Guli Kichba said two months before State Security Service representatives had told her that near the village of Achadara in the Sukhum district local residents and “Hallo Trust” representatives who cleared the territory of mines there, had found two buried bodies. “They also told us it was not the first case what alarmed us a lot. There is a question: where have the found corpses disappeared?”, she said.

“I addressed to the president at once, but at that moment he was unavailable, and I informed vice-president Alexander Ankvab about it”. He, according to her, made the decision promptly, and literally ordered to all power bodies to take appropriate measures. Kichba believes they might be missing Abkhaz fighters as it is well-known that in the beginning the Georgian party took away the corpses, but then in order to avoid scandals began to dump them in the sea.

Kichba considers that till parents of the missing persons (many of them are already no more) are alive, DNA analyses should be made. “We are on friendly terms with Russia, we are in partnership with them, and the work of an EMERCOM search party is well organized. It hope that the authorities will concern themselves with this issue”, she said.

Guli Kichba also said that in 2001experts in identification arrived in Abkhazia as a part of the ICRC Mission. “They were even ready to sponsor the identification in the Glory Park, but our authorities did not agree to it, saying that “it is a severe trauma for parents”, she said.

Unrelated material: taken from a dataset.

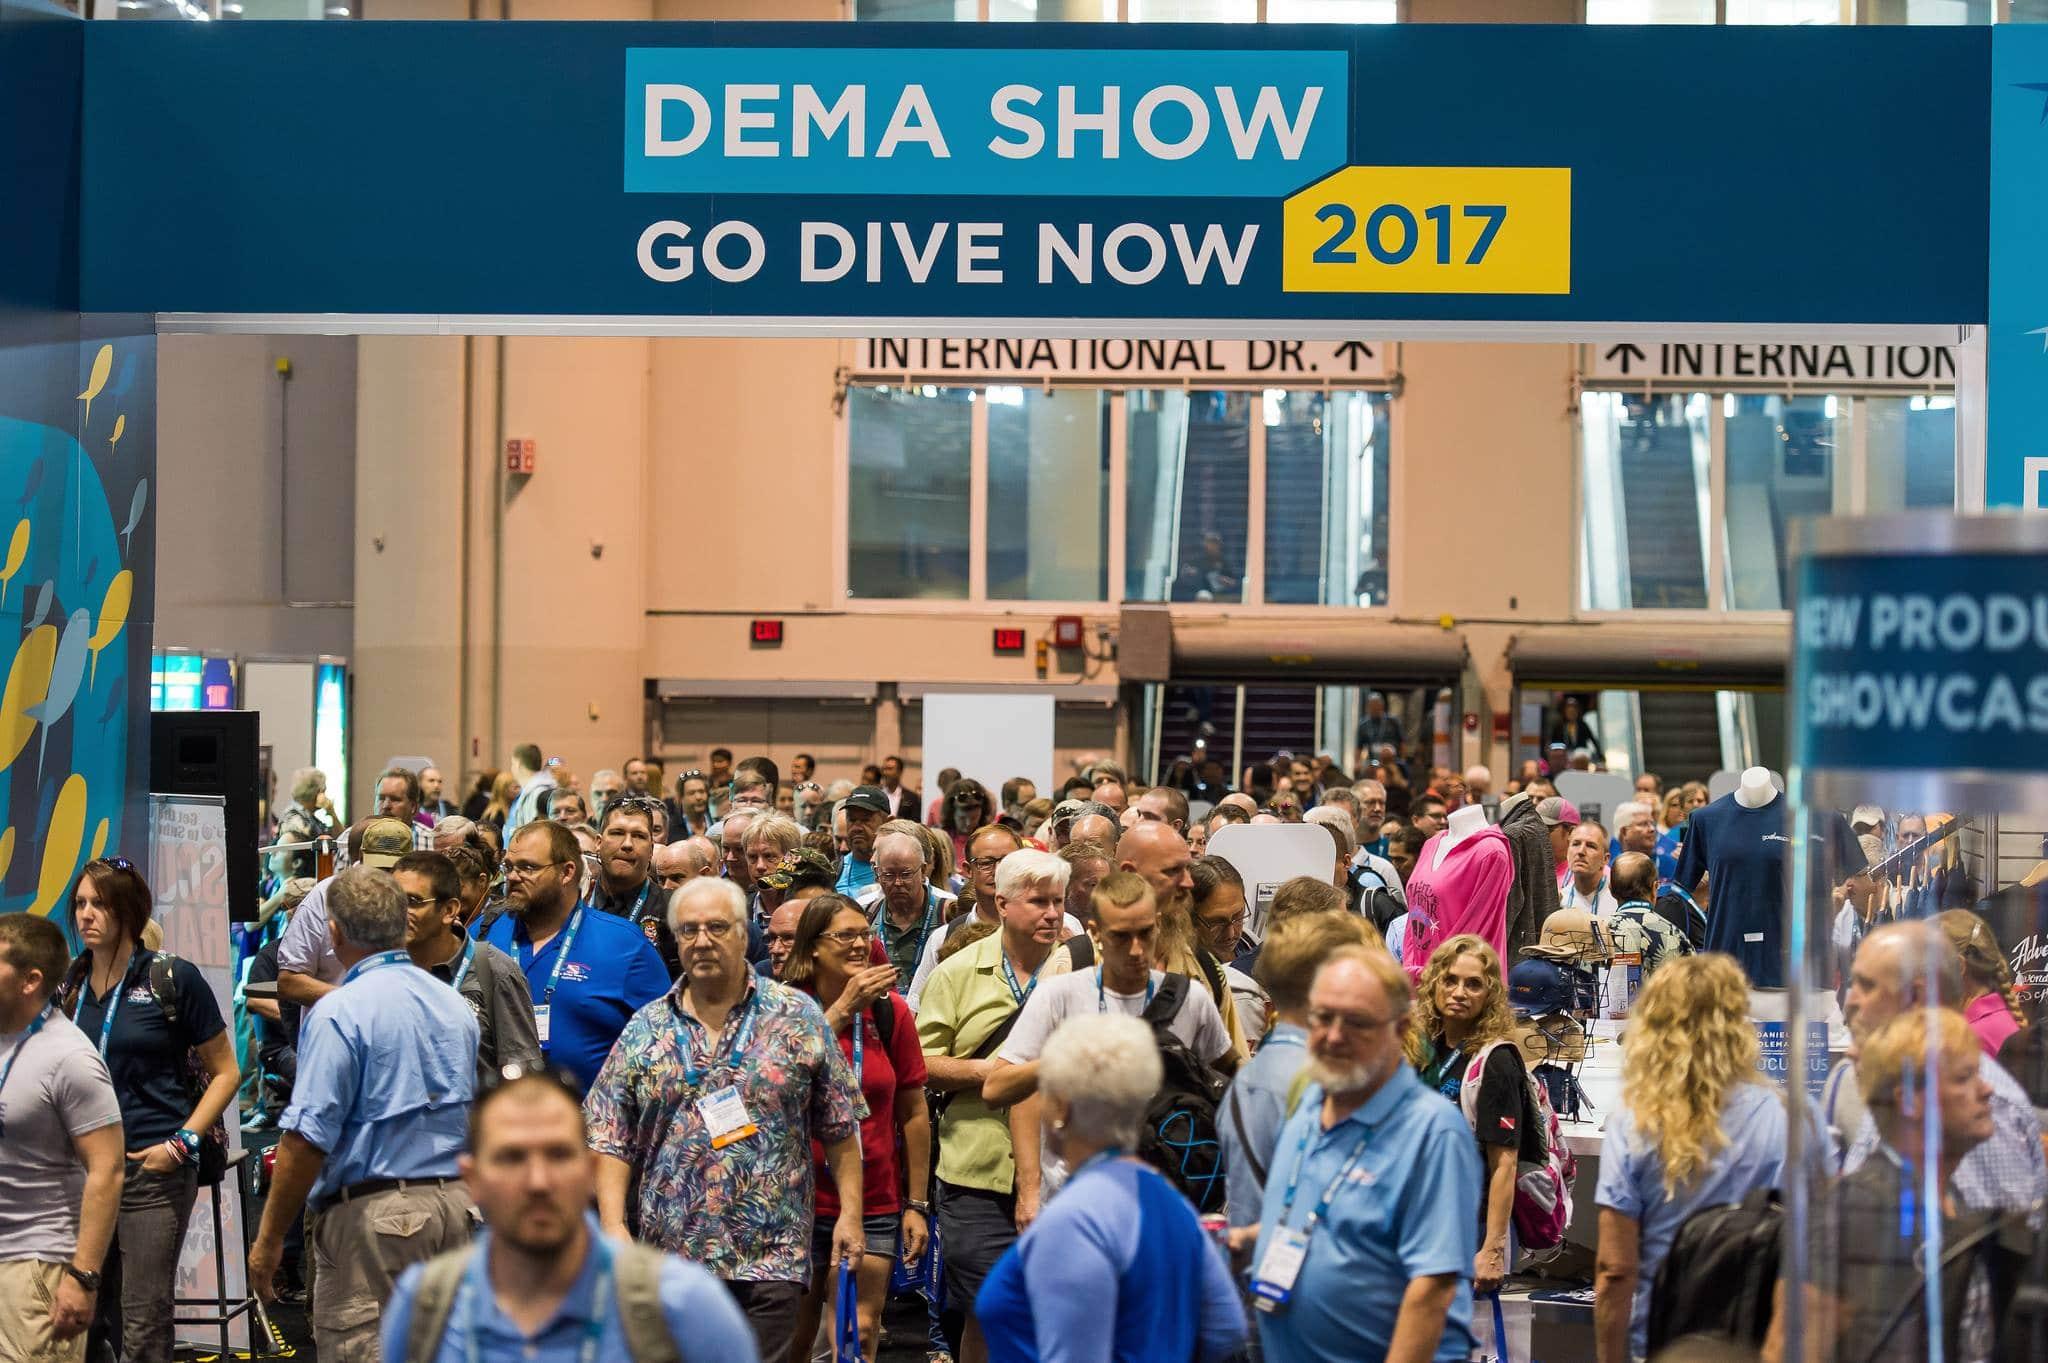 DEMA Show 2017 Kicks Off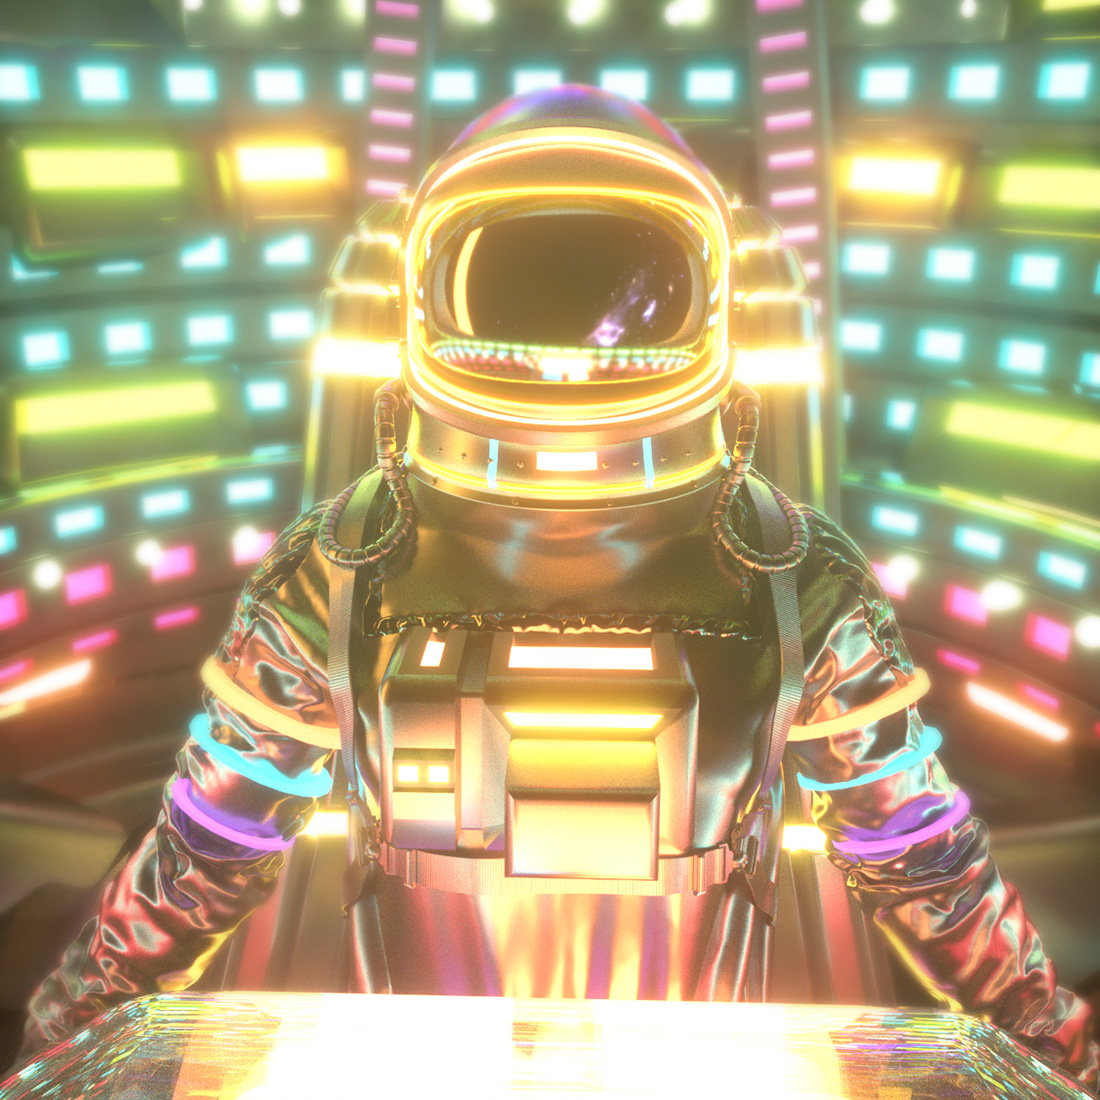 Astrohead_01_10_0090

According to Kichba, “parents will never be ready for it, their hearts will always bleed, but it is better than ignorance of the destiny of the missing people dear to them”.

She also considers absence of a committee on missing persons in the Parliament of Abkhazia to be wrong.

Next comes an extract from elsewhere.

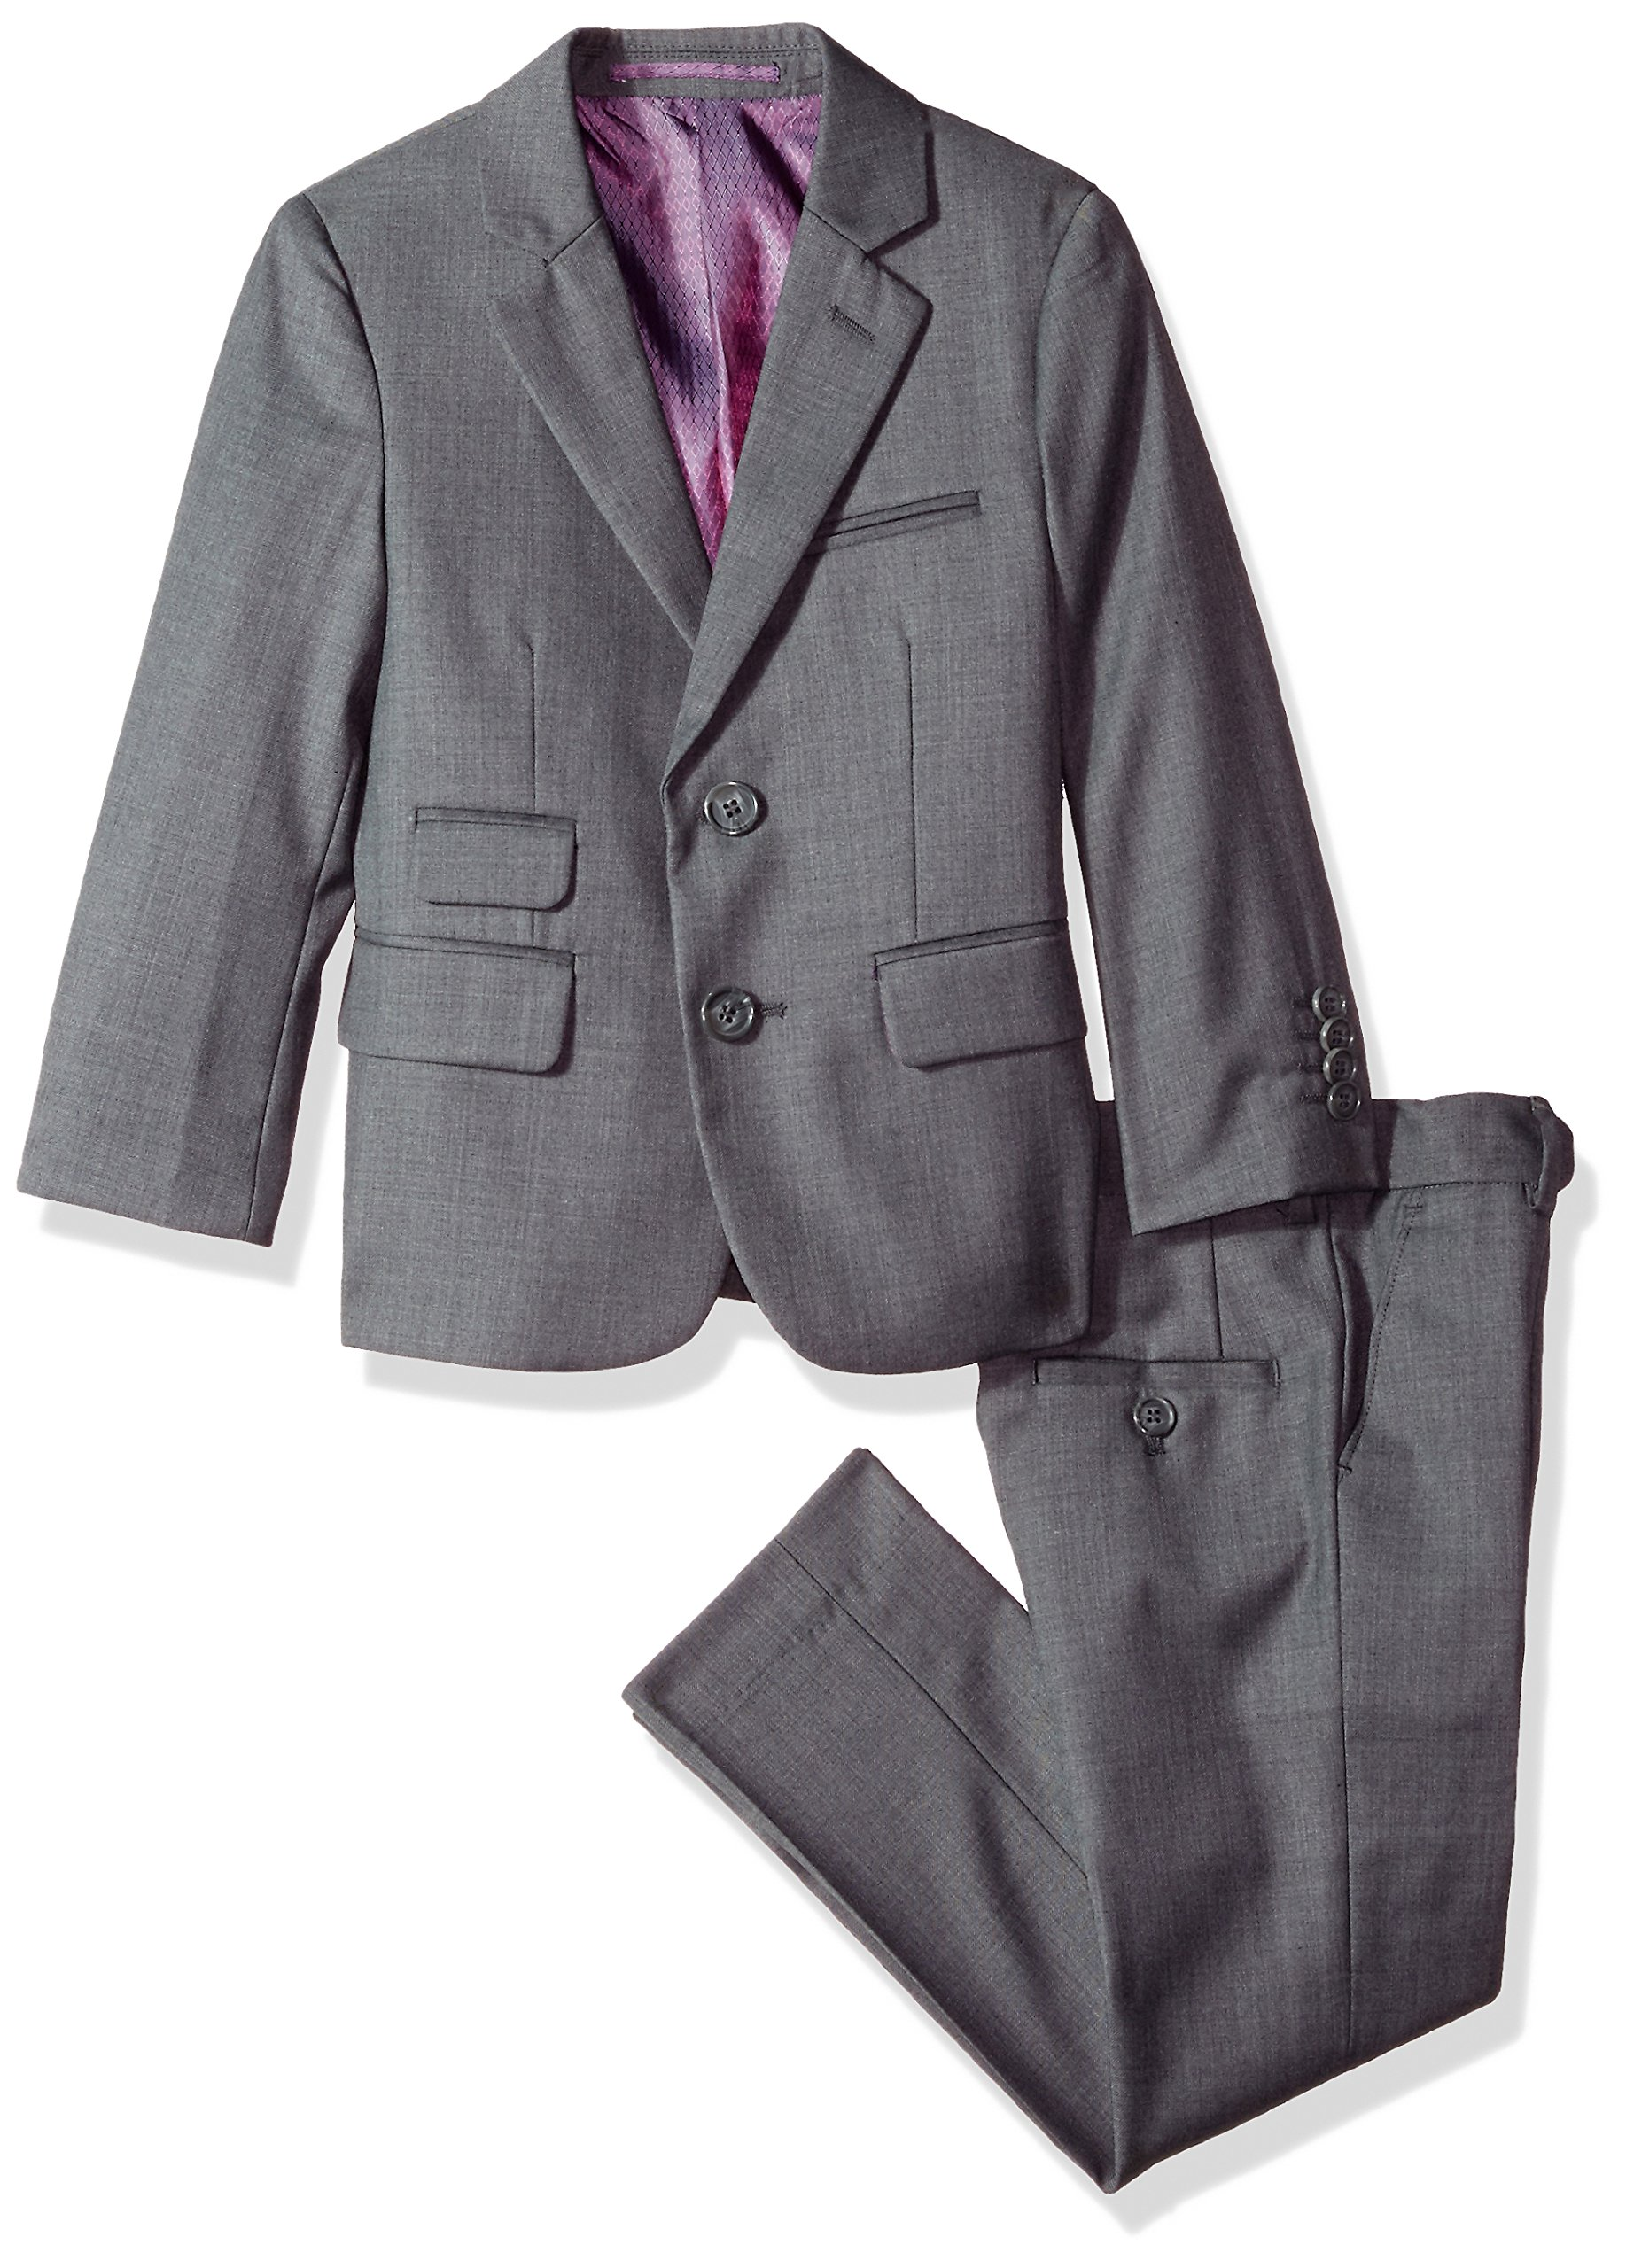 Isaac Mizrahi Little Boys' Solid 2pc Slim Fit Wool Suit, Charcoal, 5 by Isaac Mizrahi

According to unspecified data, 200 persons were missing during the 1992-1993 Patriotic War of the Abkhaz Nation.

Commission on Missing Persons to Resume Work in Abkhazia

August 30 is the International Day of the Disappeared. A flower-laying ceremony took place today in Sukhum, in the Glory Park where victims of the 1992-1993 Patriotic War of the Abkhaz Nation are buried. Representatives of the “Mothers of Abkhazia for peace and social justice” movement, the Government of the republic, as well as the Mission of the International Committee of the Red Cross in Abkhazia attended the ceremony.

The government of Abkhazia resumes work of the Commission on missing persons, the first vice-PM of the government Leonid Lakerbaya who is in charge of the social block in the government told journalists today.

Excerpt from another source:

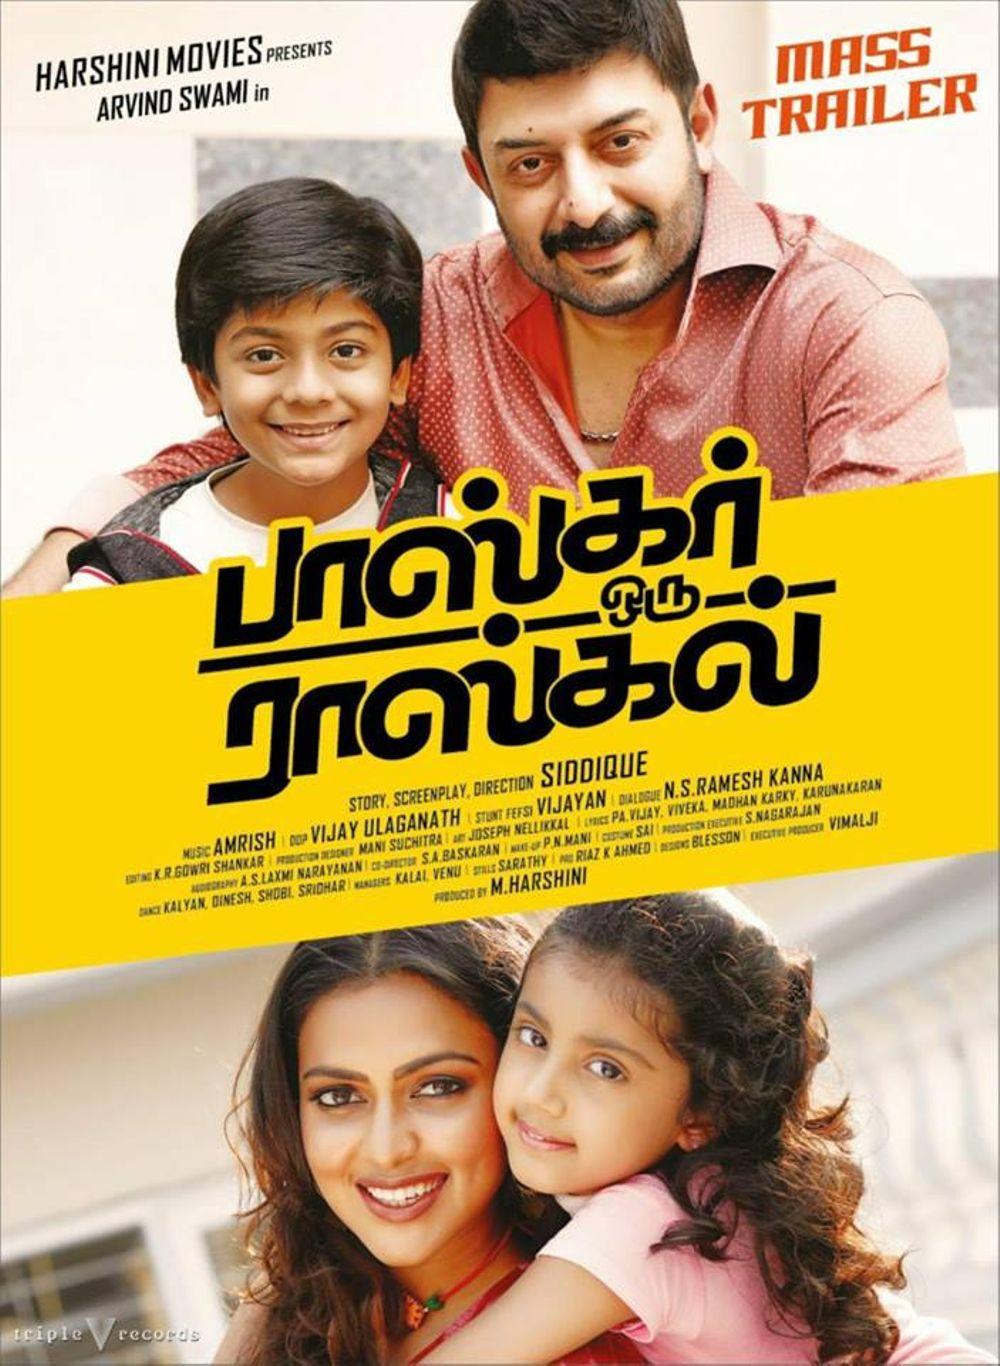 Bhaskar Oru Rascal Movie Hd Poster Wallpaper First Look Free

For the last five years this commission's work has been wrapped up. “There is a proposal to resume work of this commission under the Emergency Control Department of the Republic of Abkhazia”, Lakerbaya specified.

Lakerbaya expressed a desire that heedful and not indifferent people worked in the commission on missing persons. “It is a very hard job. A lot of parents do not want to believe that their children have been killed. They do not want any welfare and allowances, they wait and hope that their children have not been killed and will return”, Leonid Lakerbaya said regretfully.

The vice PM emphasized that the government makes a close study of all appeals received from the Mothers Movement. In his opinion, the missing persons who have been given the same status as the dead during the war, should be a separate category in the database. In the lists of the missing persons service men and civilians should be marked out.

Lakerbaya thanked the ICRC Mission in Abkhazia for active assistance in resumption of the missing persons program.

“I hope that with the help from the ICRC we will carry out the DNA analysis of the buried in the places we know”, Lakerbaya said. The vice PM drew attention to the fact that several unknown soldiers killed during the 1992-1993 Georgian-Abkhaz war were buried in the Glory Park. “It is very important for us to identify at least one of them”, Lakerbaya added.

He said that ten years ago the DNA analysis issue was a painful one, and the families hoped to find the missing persons some other way. Today the missing soldiers' mothers have agreed to the DSA analysis.

“I hope that from the Georgian party responsible people will deal with the missing persons problem. If this problem is not politicized, we can succeed in solving it”, Lakerbaya said.